"E se me achar esquisita, respeite também. Até eu fui obrigada a me respeitar." (Clarice Lispector)

domingo, 23 de janeiro de 2011

Sick and sad world




Não saber

Não saber. Existe troço pior que não ter notícias da pessoa amada, agora que ela vaga por aí cheia de vida enquanto você tenta soterrá-la no seu peito com pás e mais pás de festas chatas e romances sem ciúmes? Claro que sim. Durante a nacional ditadura militar, presos tinham um arame enfiado pela uretra e depois esquentado com maçarico no outro extremo. E quando o metal fervia grudando na mucosa interna, era abruptamente removido pelo torturador. Mas também, que me lembre é só.

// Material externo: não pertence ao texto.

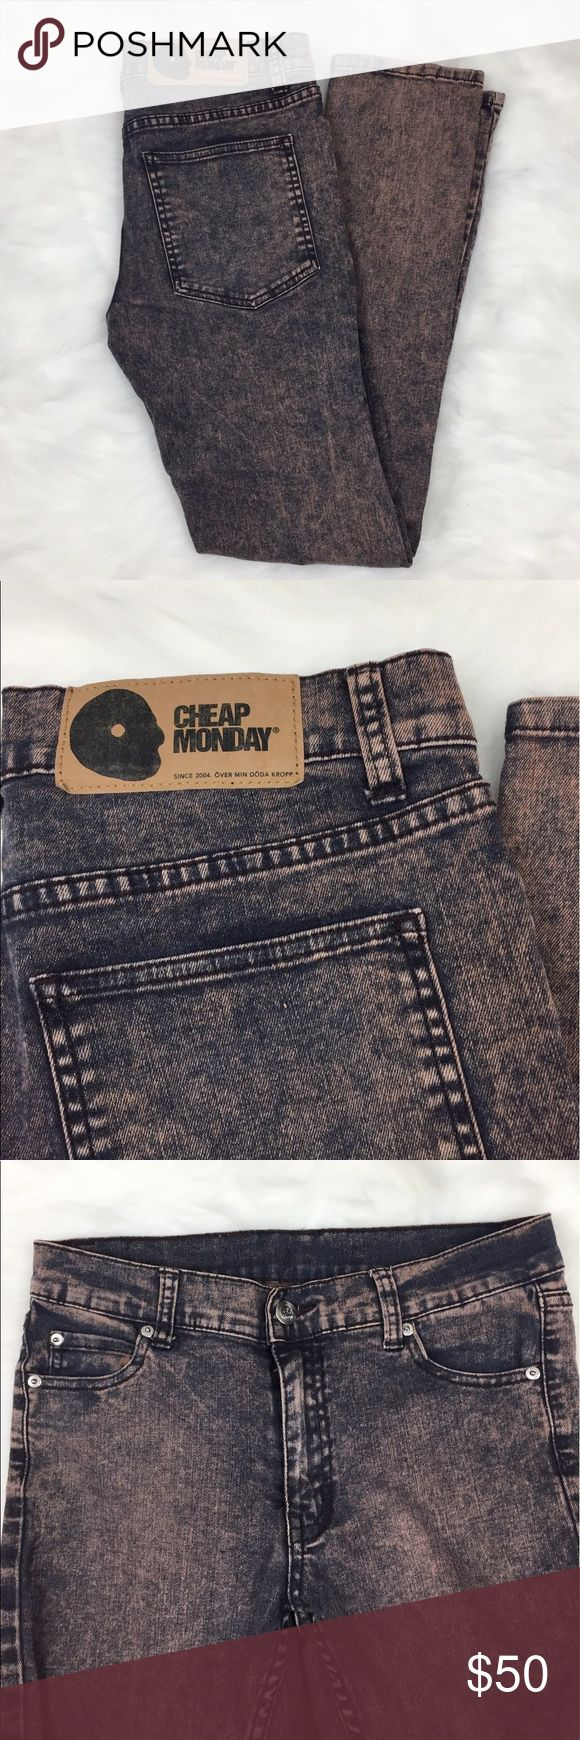 "Cheap Monday pink Acid Wash Skinny Jeans Gently used Cheap Monday Pink acid wash skinny jeans. Size 29/30. Inseam: 29.5"", rise: 8.5"", hips: 17"" flat across, waist: 14.5"" flat across Cheap Monday Jeans Skinny"

Não saber teria o título de pior saudade disponível no mercado, caso o IBGE, o Ibope ou o InMetro resolvessem catalogar os graus desse lamento tão brasileiro. Achar perdida nas almofadas do sofá uma correntinha barata rende um sonho agonizante com aquele que o doutor mandou esquecer. Aí danou-se. Você acorda cinza, com um caroço de manga no diafragma, se perguntando como anda fulano.

Joga com as armas que tem. Como Sherlock Holmes, não resiste e invade as redes sociais atrás de indícios da assobiante existência dele longe do seu domínio. Sua vontade é encontrar fotos obscuras, de alguém condoído, posto a mudar-se para a Transilvânia, sentindo uma aparente falta sua como fosse você tão imprescindível quanto os quatro incisivos da arcada dentária. Que nada! Olha ele na praia indo buscar o frisbee. Olha ele bebendo duas latas de cerveja de uma vez. Olha ele abraçado numa vaca. Você olha, olha, olha, mas não vê. O sexto sentido de mulher capta algo intraduzível naquele semblante congelado. Elementar, minha cara. O não saber.

Não saber se ele ainda usa aquela camiseta dos Rollings Stones para dormir, se começou a fumar, que dia finalmente vai receber o canudo de jornalista, se colocou o prometido piercing na língua, se voltou a escrever poemas e se escreveu algum com seu nome. Ou talvez, se pensa um pouquinho em você sempre que vai ao cinema antes de comer sushi.

Aflitivo é não ter a menor noção se ele tem ficado doente, se insiste com a mania simples de andar de havaianas, tanto faz se indo à praia ou jantar na casa da sogra. Não saber se ele fez novos amigos, conheceu outros lugares ou ainda frequenta aquele pub inglês. Não saber se já deu flores, andou de mãos dadas com alguma menina, se esqueceu o sexo de vocês dois, se a vida dele continua ou se ele olha pra trás de vez em quando.

Torturante é saber que seguem o mesmo número de telefone, o nome da rua, o jeito de menino, o humor incorrigível, o abraço que aquecia, a mordida na orelha que resfriava ou o choque térmico que acometia sua dorsal com aquele sorriso breve. O que, pensando bem, seria melhor nem lembrar. Ou, se não for pedir muito, também não saber.